Background information:
Recently, a lot of datanode node disk IO is relatively high, the main reason is due to the increase in job number, as well as the size of the increase.
But any way to reduce disk IO consumption, we can all try.
For example, we can often see HDFs users executing the "du-sk" command:
code is as follows |
copy code |
[Root@idc1-serv Er2 ~]# ps-ef| grep "Du-sk" hdfs 17119 10336 1 00:57? 00:00:04 du-sk/data1/dfs/dn/current/bp-1281416642-10.100.1.2-1407274717062 hdfs 17142 10336 1 00:57? 00:00:03 du-sk/data5/dfs/dn/current/ bp-1281416642-10.100.1.2-1407274717062 hdfs 17151 10336 1 00:57? 00:00:05 du-sk/data6/dfs/dn/current/bp-1281416642-10.100.1.2-1407274717062 |
...
As the data on the Datanode continues to grow, such frequent du operations can take a long time, and when CPU and disk IO are idle, it takes about 5 seconds each time, and when the server load is high, such operations can take long.
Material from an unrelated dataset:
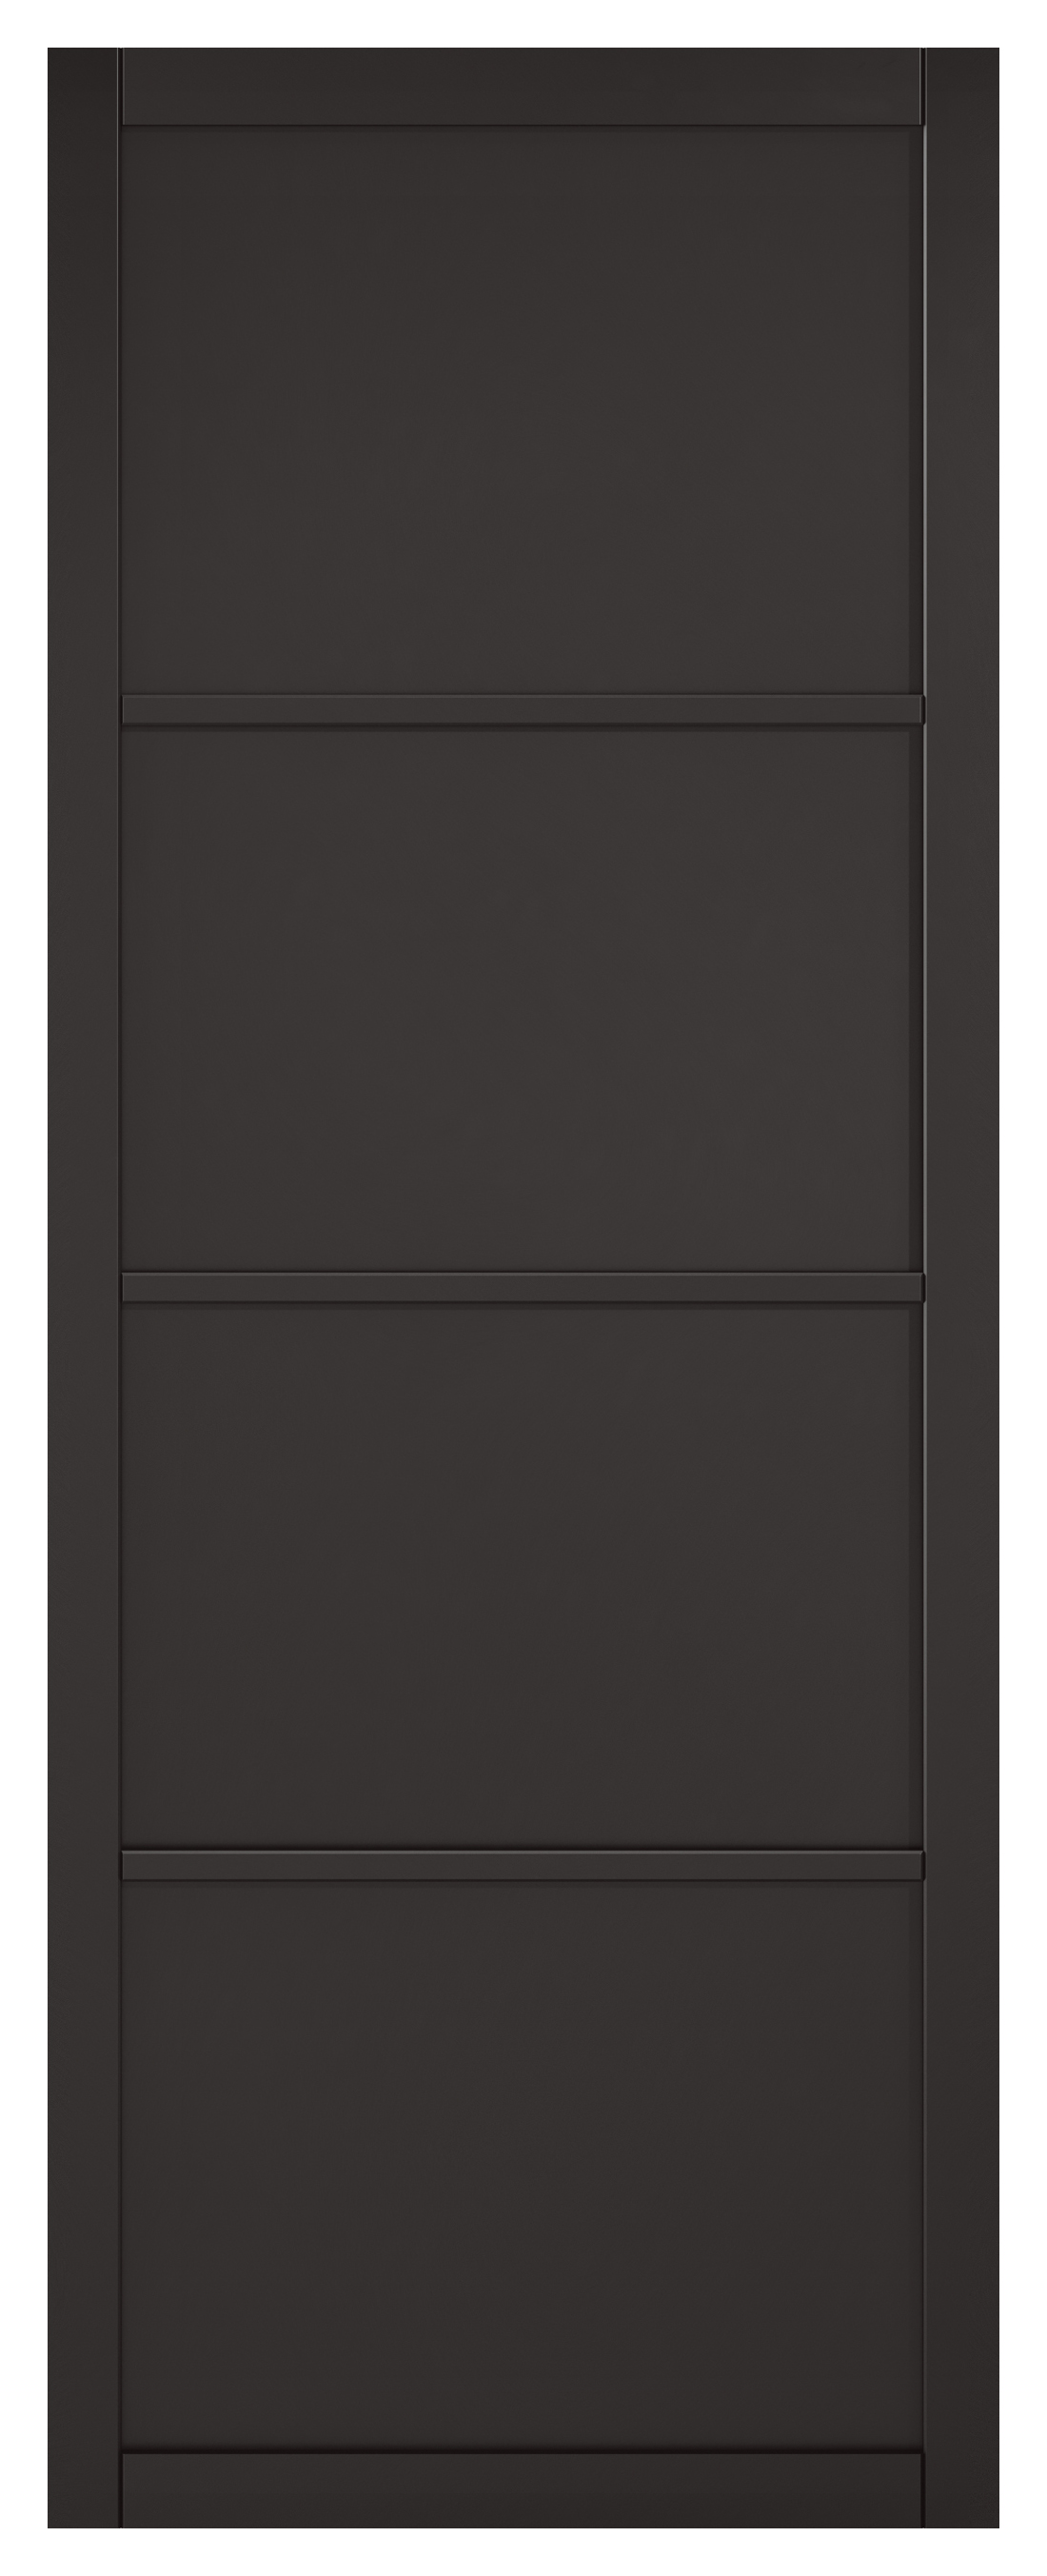 Image of LPD Internal Soho 4 Panel Primed Black Solid Core Door - 826 x 2040mm
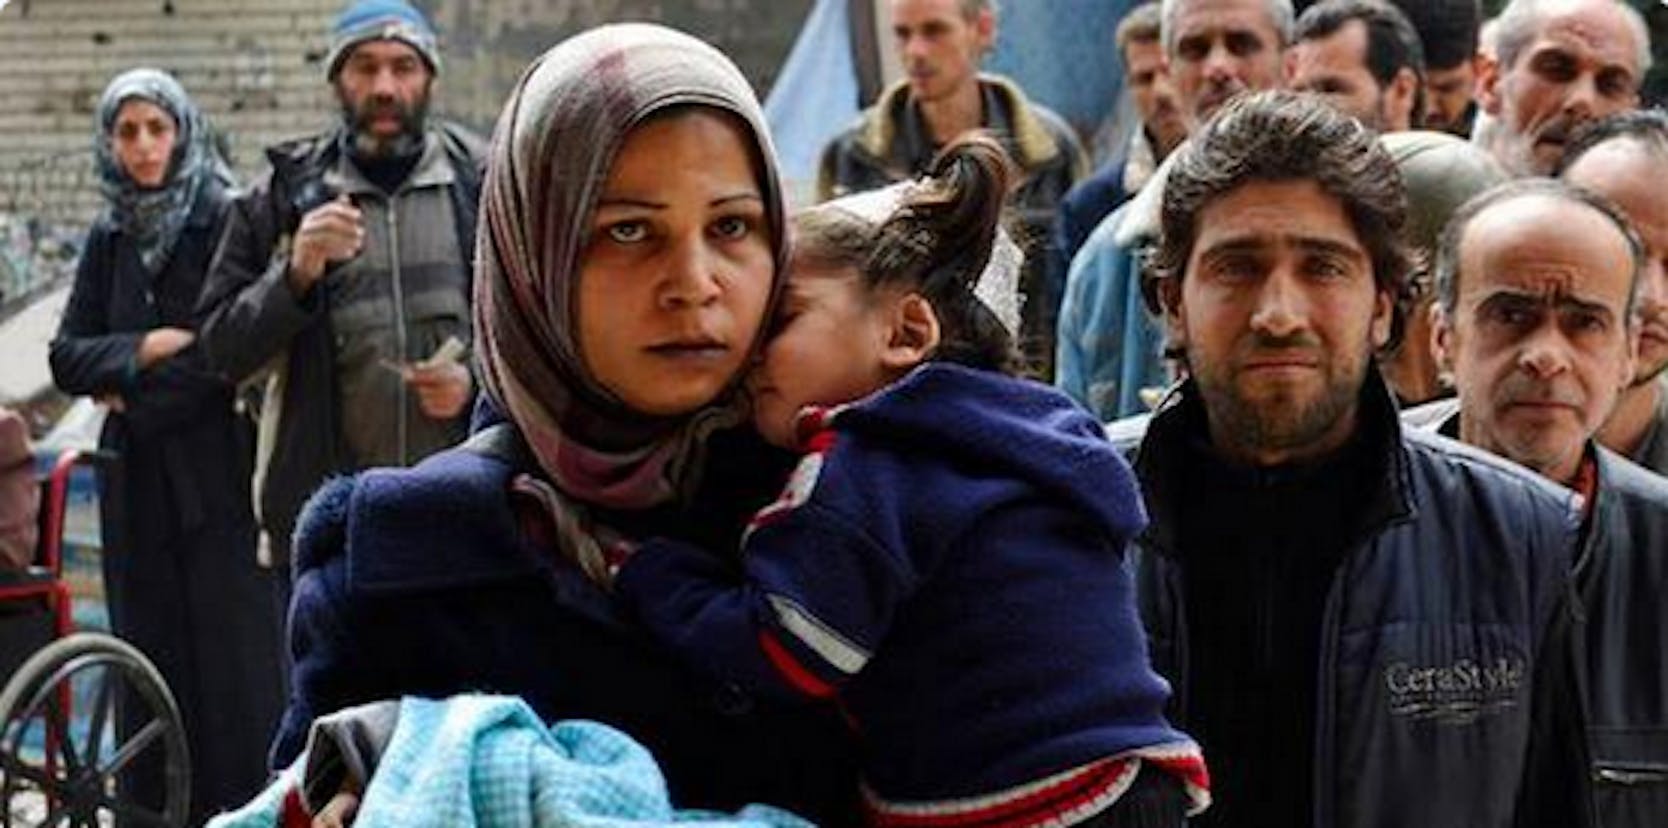 Civili palestinesi nel campo profughi di Yarmouk, nei pressi di Damasco (Siria) - ©Reuters

Instead, we consider replacing the original du command by writing a new Du command based on the DF command.
The code is as follows |
Copy Code |
[Root@idc1-server2 ~]# Mv/usr/bin/du/usr/bin/du.orig [Root@idc1-server2 ~]# Vim/usr/bin/du #!/bin/sh mydf=$ (DF-PK $ | grep-ve ' ^filesystem|tmpfs|cdrom ' | awk ' {print $} ') ECHO-E "$mydft $" [Root@idc1-server2 ~]# chmod +x/usr/bin/du |
But in this case, the statistical results are not accurate?
But the specific situation, in general, Hadoop Datanode will use different disk and partition to store data, then use DF statistics results, the error should be very small.